In the process of collecting data on music ecology, locality and sociology, the tool of interviews was used. The interviewees were contacted before the interviews, and were presented with a loose concept of the triptych of locality ecology and sociology. The goal of not presenting to them the full concept of the study prevented the interviewer from directly forcing the conversation to what he needed to hear. On the contrary, these subjects arose, as if for the first time, during the interviews. Both interviews were conducted in a very informal environment, where we all sat around the same table, shared food and drinks and casually talked about the matters in question. The conversations were recorded with the permission of the interviewees. The audio files of the conversations then were transcribed and reflected upon. The parts relevant to music ecology, sociology and locality were separated from the text in such a way that the meaning of the passages would remain unaltered. For the sake of clarity and transparency, the full extent of the interviews is presented in the appendixes segment 10.0.

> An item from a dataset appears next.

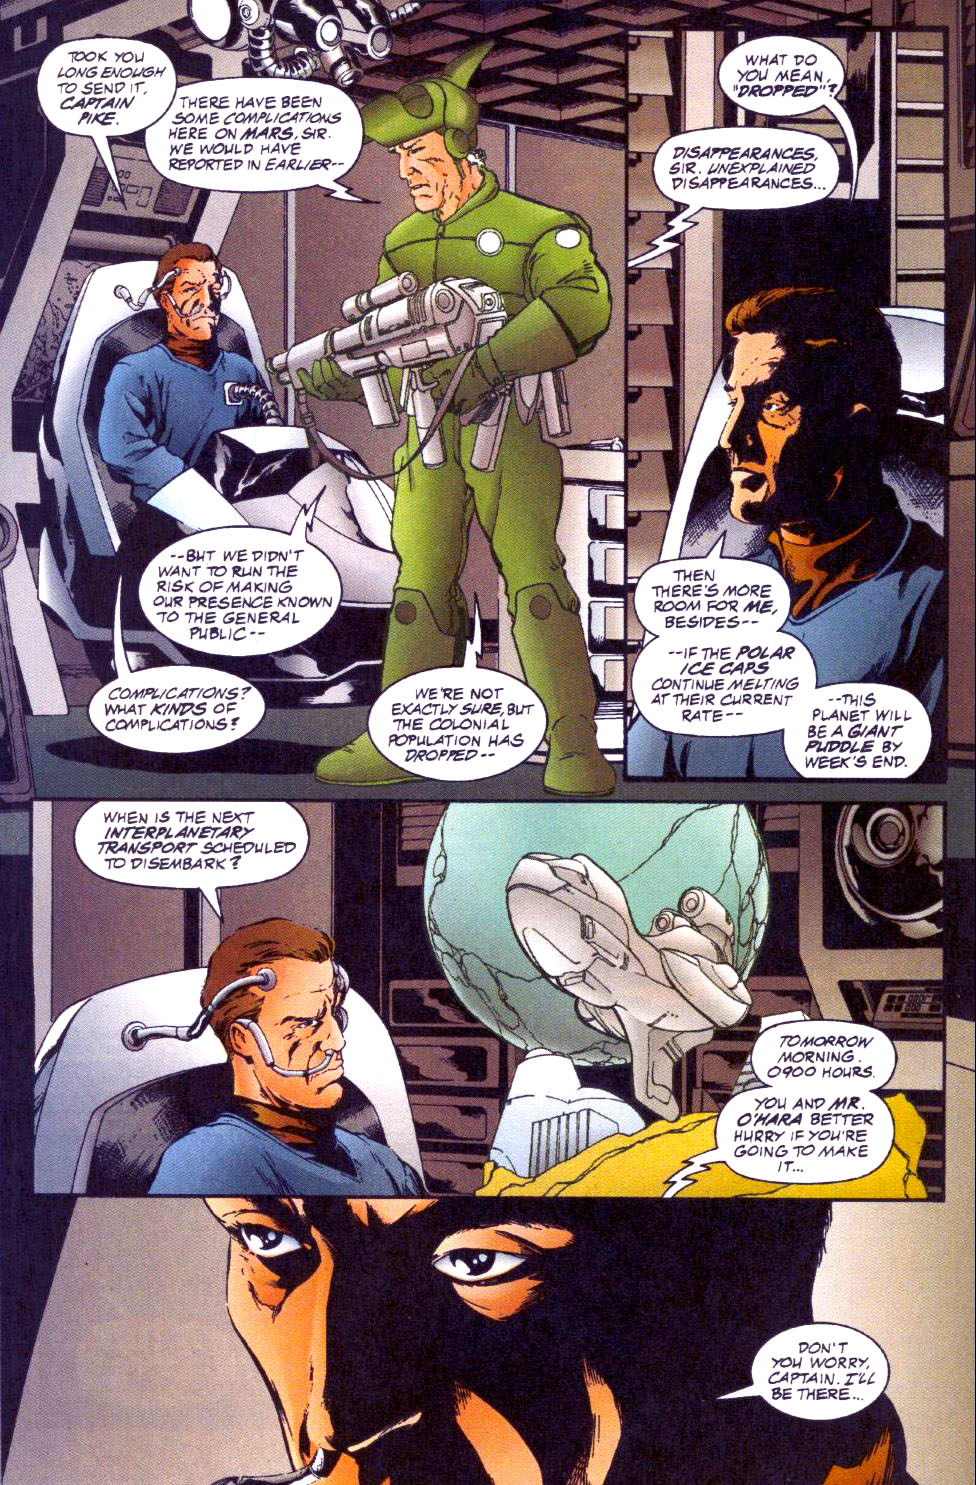 Spider-Man 2099 (1992) issue 45 - Page 13

The interviews touched a series of matters, sometimes more tightly connected to ecology, sociology and locality, and at other times in a looser way, providing support and context for the interviewer to better understand the topics at hand. In this segment we will present those passages in the order that they appeared in the interviews and will be analysed according to locality, ecology, or sociology. It is useful to remember that these matters are not exclusive to each other but could be eventually categorised in more than one group.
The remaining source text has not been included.